[Records contained in a dataset]
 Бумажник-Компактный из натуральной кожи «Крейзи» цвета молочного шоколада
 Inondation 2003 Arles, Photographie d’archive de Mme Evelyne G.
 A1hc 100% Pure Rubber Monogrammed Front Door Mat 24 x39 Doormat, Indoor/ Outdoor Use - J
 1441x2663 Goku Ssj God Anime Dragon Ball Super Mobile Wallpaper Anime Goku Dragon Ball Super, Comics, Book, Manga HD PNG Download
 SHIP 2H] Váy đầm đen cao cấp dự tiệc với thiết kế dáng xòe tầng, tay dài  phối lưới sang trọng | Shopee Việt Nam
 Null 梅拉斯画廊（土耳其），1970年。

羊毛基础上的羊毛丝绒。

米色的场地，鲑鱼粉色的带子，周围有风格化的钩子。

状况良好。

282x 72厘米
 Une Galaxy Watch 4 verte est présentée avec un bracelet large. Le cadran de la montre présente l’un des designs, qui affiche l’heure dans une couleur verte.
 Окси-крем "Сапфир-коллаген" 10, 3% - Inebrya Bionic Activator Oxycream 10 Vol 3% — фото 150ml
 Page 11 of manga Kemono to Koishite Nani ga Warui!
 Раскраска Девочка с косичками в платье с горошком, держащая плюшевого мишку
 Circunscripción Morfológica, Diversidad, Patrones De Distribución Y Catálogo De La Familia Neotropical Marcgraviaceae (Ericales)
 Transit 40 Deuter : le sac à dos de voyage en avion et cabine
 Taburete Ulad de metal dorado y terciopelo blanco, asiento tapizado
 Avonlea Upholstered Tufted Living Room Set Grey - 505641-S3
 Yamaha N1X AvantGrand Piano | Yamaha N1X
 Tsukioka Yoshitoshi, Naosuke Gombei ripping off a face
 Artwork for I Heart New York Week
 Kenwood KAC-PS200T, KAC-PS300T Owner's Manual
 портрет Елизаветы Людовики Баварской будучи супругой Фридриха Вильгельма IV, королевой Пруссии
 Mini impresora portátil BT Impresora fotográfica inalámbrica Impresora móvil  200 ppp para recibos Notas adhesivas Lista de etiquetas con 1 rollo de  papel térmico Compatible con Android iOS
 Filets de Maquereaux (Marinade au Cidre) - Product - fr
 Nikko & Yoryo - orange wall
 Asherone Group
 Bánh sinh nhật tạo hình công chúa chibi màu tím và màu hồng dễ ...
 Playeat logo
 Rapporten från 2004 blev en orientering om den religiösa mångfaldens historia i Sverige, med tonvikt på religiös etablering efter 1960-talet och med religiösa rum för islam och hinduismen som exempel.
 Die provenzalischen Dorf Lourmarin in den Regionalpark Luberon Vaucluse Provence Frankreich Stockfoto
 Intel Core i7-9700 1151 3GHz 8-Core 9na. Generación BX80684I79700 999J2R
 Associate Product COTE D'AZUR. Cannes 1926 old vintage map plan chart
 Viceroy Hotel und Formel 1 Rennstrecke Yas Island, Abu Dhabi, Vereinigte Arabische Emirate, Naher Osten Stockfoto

[TRY IT]: Print, exactly as they appear above, the lines running from the one with "Die provenzalischen Dorf" through the final line.

[EXERCISE RESULT]:
 Die provenzalischen Dorf Lourmarin in den Regionalpark Luberon Vaucluse Provence Frankreich Stockfoto
 Intel Core i7-9700 1151 3GHz 8-Core 9na. Generación BX80684I79700 999J2R
 Associate Product COTE D'AZUR. Cannes 1926 old vintage map plan chart
 Viceroy Hotel und Formel 1 Rennstrecke Yas Island, Abu Dhabi, Vereinigte Arabische Emirate, Naher Osten Stockfoto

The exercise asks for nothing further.